Olympia-Teilnehmerin Anastasiya Winkel (rechts) landete mit ihrem ukrainischen Segelteam auf Platz sechs.
An diesem Tag ist der Krieg weit weg. Und so soll es auch sein. „An diesem Tag geht es einfach darum, dass die Kinder Spaß haben“, sagt Sven Jürgensen, Initiator und Organisator des „Helga Cup“. Spaß am Wassersport, das ist das Wichtigste, und doch geht es in solchen Momenten immer auch um größere Dinge: Empathie und Miteinander, zum Beispiel. Anastasiya Winkel hat seit Kriegsbeginn bereits mehr als 60 ukrainischen Menschen eine Bleibe in Norddeutschland vermittelt. Viele dieser Geflohenen sind Segler:innen, die wiederum bei deutschen Segler:innen untergekommen sind. So bleibt ihnen trotz ihrer schwierigen Situation die Möglichkeit, den geliebten Wassersport weiter auszuüben – und den Krieg für einige Momente beiseitezuschieben.
Segeln, sagt Anastasiya Winkel, sei ein Sport für die Seele. „Wenn ich auf dem Wasser bin, kann ich den Kopf ausschalten und im Hier und Jetzt sein“, sagt sie. Und auch die meisten Kinder würden das Wasser „einfach lieben“. Heute können sie den Segelsport ausprobieren, auch wenn sie noch kaum Deutsch sprechen. Der NRV hat für sie eigens eine ukrainische Segeltrainerin fest angestellt. Auch sie ist vor Kurzem geflohen. Sie wird in den kommenden Wochen und Monaten regelmäßig Kurse auf der Außenalster anbieten. Die Anmeldungen laufen.
Einfach die Zeit auf dem Wasser genießen – dafür steht auch der „Helga Cup“.

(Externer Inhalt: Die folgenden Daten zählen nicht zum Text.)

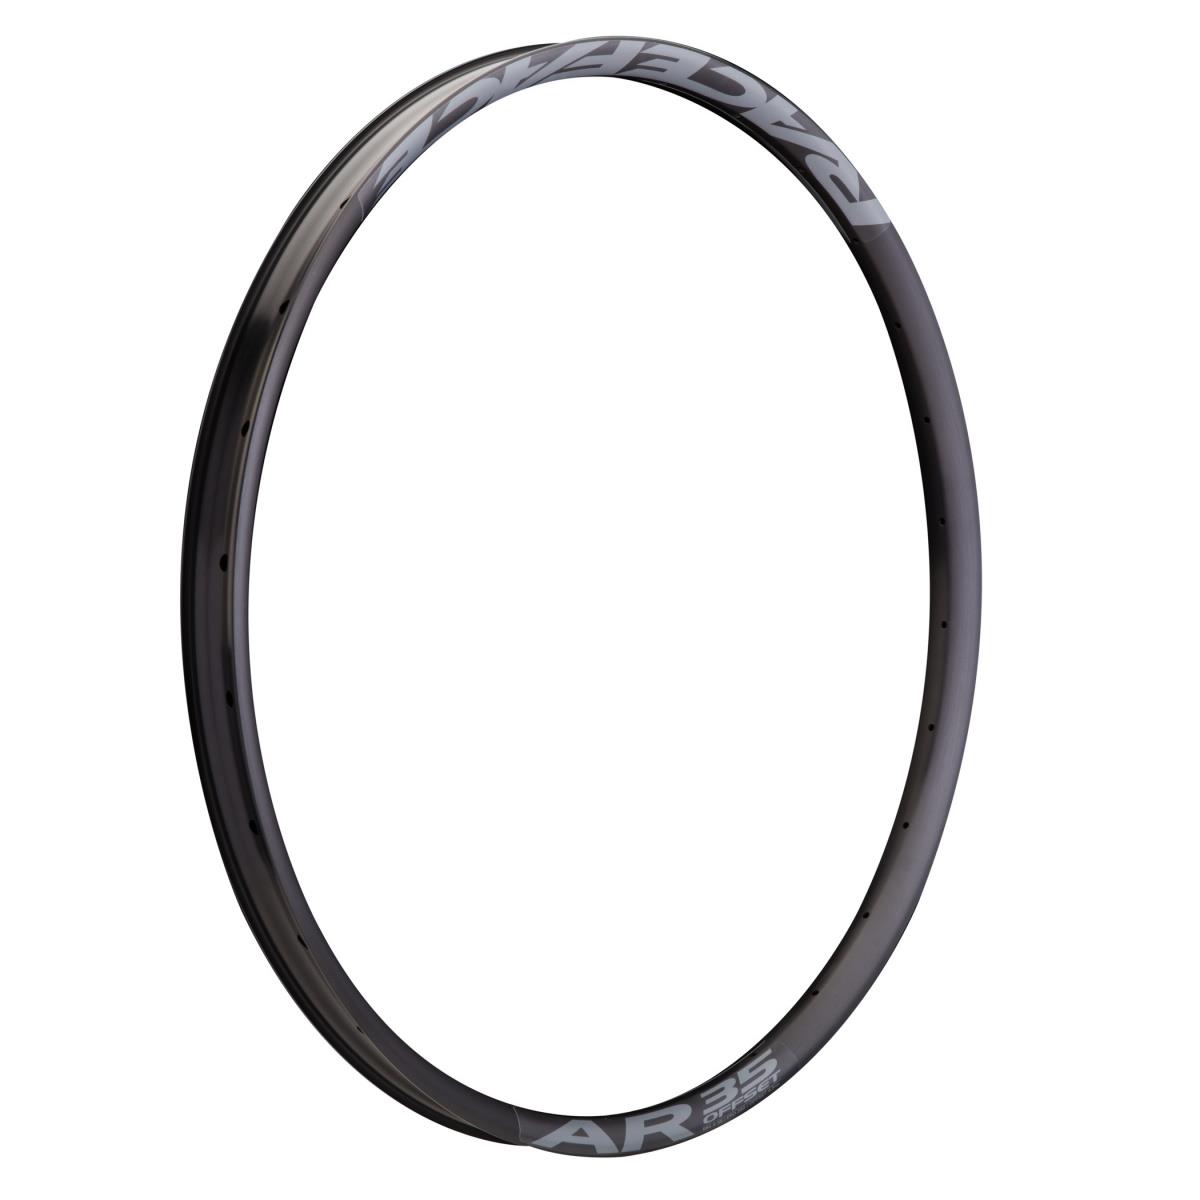 Race Face Jante MTB Ar Offset 35 Black/Grey, 27.5 Inches x 35 mm

„Wenn man flieht“, sagt Winkel, „ist man oft einsam. Man sitzt den ganzen Tag vor dem Handy oder dem Laptop. Aber es ist auch wichtig, dass die Eltern ihre Kinder zur Abwechslung mal richtig glücklich sehen können – und ein Stück Normalität zurückgewinnen.“ Winkel ist mit dem deutschen Profi-Segler Malte Winkel verheiratet und lebt seit Jahren in der deutschen Küstenstadt Kiel. Ihre Mutter und Großmutter leben noch zu Hause in der ostukrainischen Stadt Altschewsk, ihr Halbbruder ist in Kiew.
Der NRV sei für sie „wie eine Familie“, sagt Winkel. Als sie darüber spricht, wie der Segelklub „in schwersten Zeiten“ für sie da gewesen sei, bricht ihr die Stimme weg. Zeit, raus aufs Wasser zu gehen. Die stark gekräuselte Oberfläche der Außenalster glitzert jetzt in der Sonne, während sich die ukrainischen Kinder und die Seglerinnen aus Hamburg und der Ukraine auf den Weg zum Boot machen. Und dann legen sie ab, und es geht hinaus in eine Welt mit eigenen Gesetzen, in der alles gut ist, zumindest für eine Weile.